Thomson Reuters has agreed to acquire US-based 1040 tax automation software and services provider SurePrep in an all-cash deal worth $500m.
As part of the transaction, the Canadian media group expects to get an estimated tax advantage with a net present value at the time of purchase of about $60m.
The tax automation software and services provider is engaged in assisting accounting firms to enhance productivity and profitability, while promoting a fully digital tax workflow.
SurePrep was established in 2002. Its products and solutions are claimed to be used by more than 23,000 tax professionals at certified public accountant (CPA) firms, wealth management companies, and others.
Since April 2022, SurePrep and Thomson Reuters have been collaborating to offer complementary solutions for tax and accounting professionals.
SurePrep CEO Dave Wyle said: “This transaction builds on our existing partnership/reseller arrangement to deliver our vision of end-to-end tax automation that solves our customers’ biggest pain points.
“Additionally, Thomson Reuters has made it clear they are committed to maintaining SurePrep’s ability to interoperate with multiple vendors across an open tax software ecosystem.”
SurePrep utilises artificial intelligence (AI) to automate the direct collection of digital documents from customers and their subsequent processing.
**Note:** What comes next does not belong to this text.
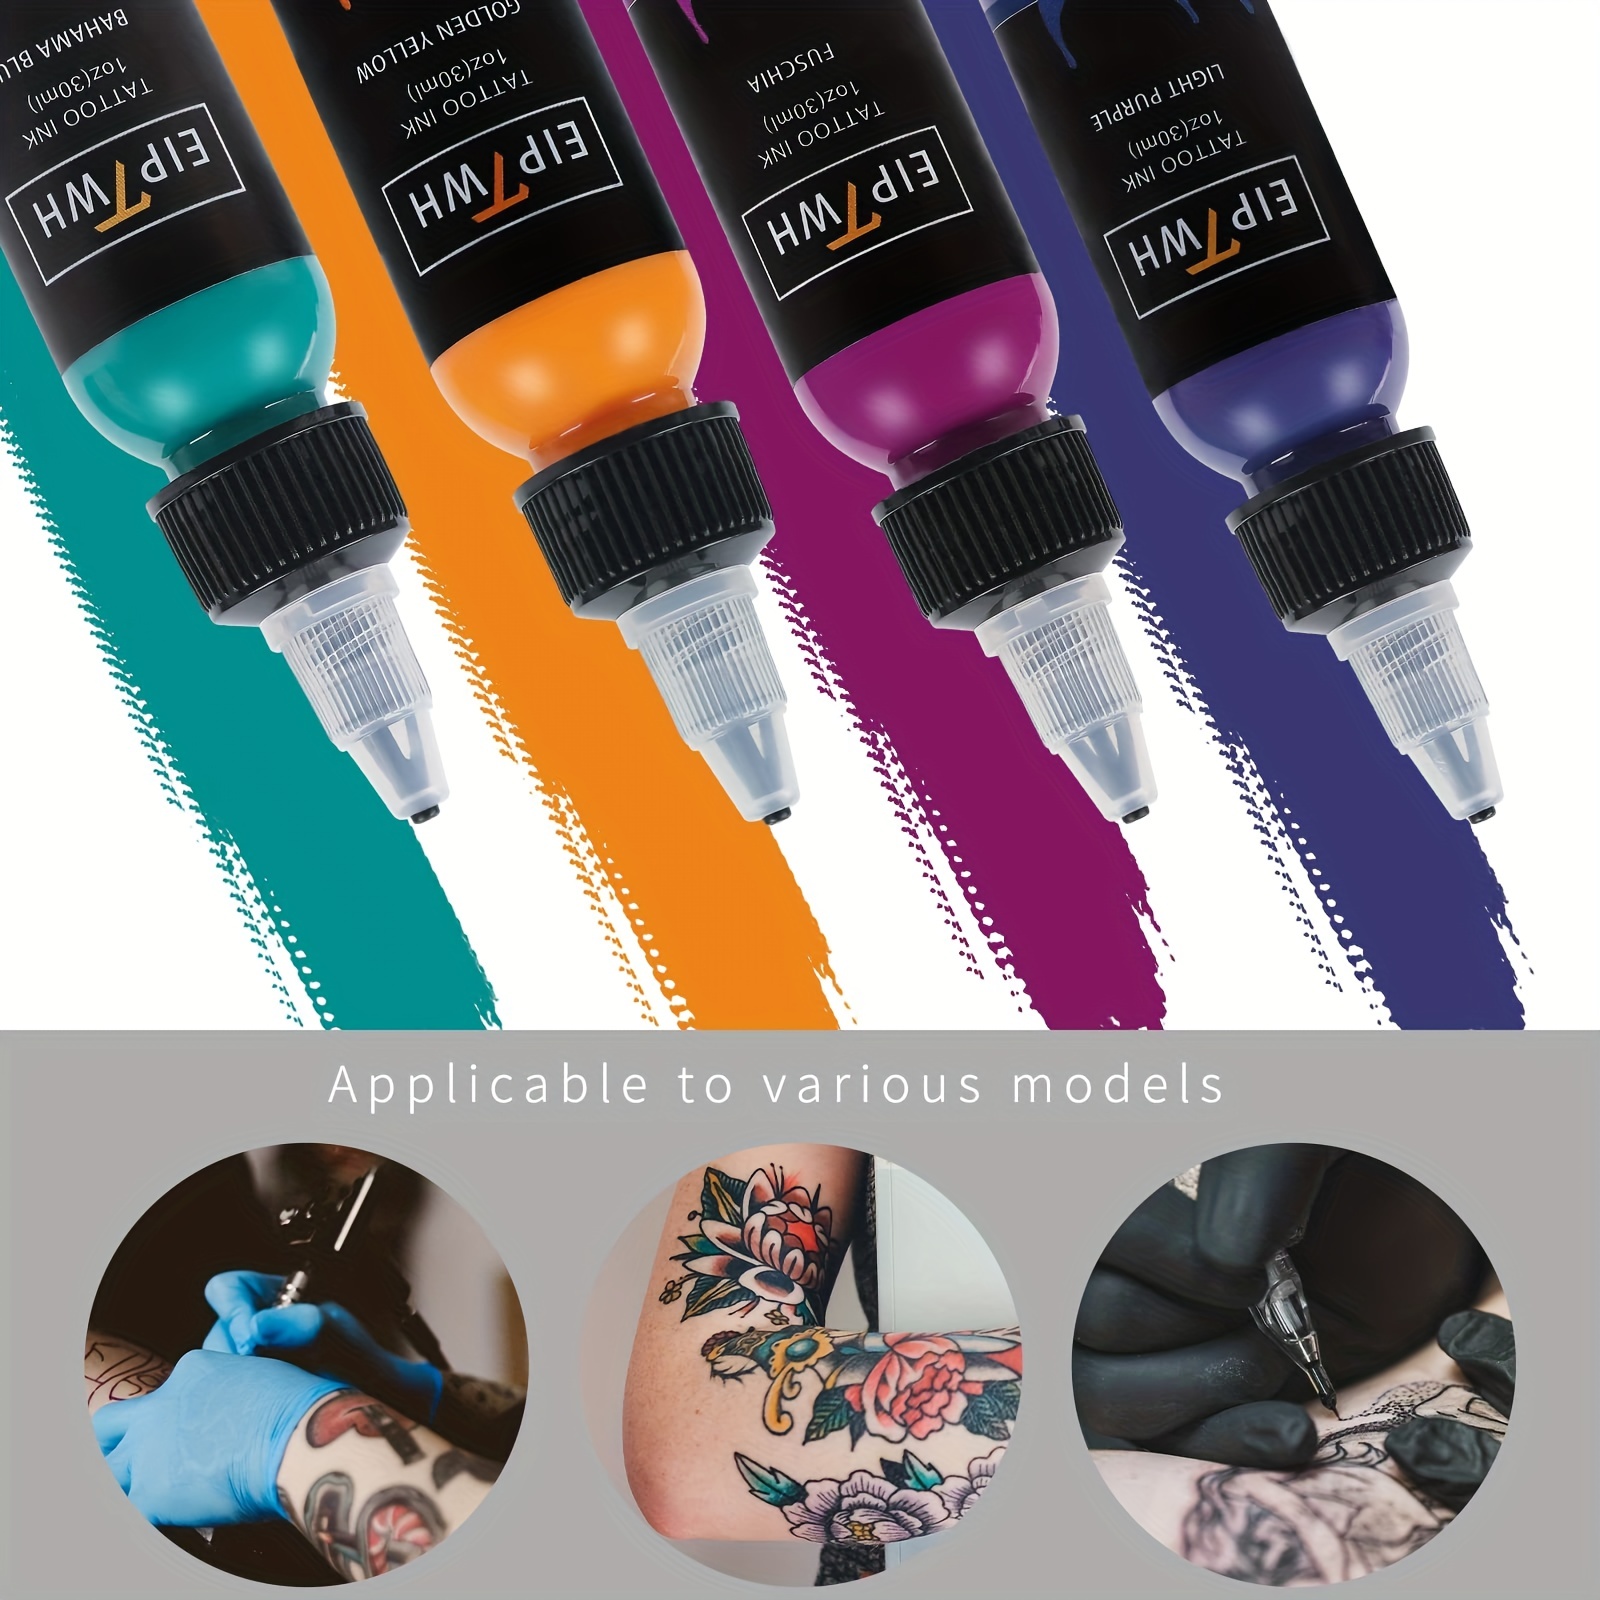 BaodeLi 14PCS Tattoo Ink Colors Set, 1oz (30ml) Tattoo Inks

It is said to automatically extract and populate key data into the company’s tax compliance software to enable CPAs to work more efficiently.
The US tax automation firm is anticipated to earn about $60m of revenue this year and grow in excess of 20% per year in the coming years.
Following the acquisition of SurePrep, Thomson Reuters will continue to follow its open ecosystem strategy, and the combined company is expected to serve as a stronger base for expedited investment in automation and customer experiences.
Thomson Reuters tax and accounting professionals president Elizabeth Beastrom said: “Thomson Reuters sees significant value and opportunities in SurePrep. The acquisition will support our strategy to empower tax and accounting professionals with the very best technology to simplify workflows, drive insights and improve efficiency.”
The acquisition, which is subject to regulatory approvals and customary conditions, is expected to close in Q1 2023.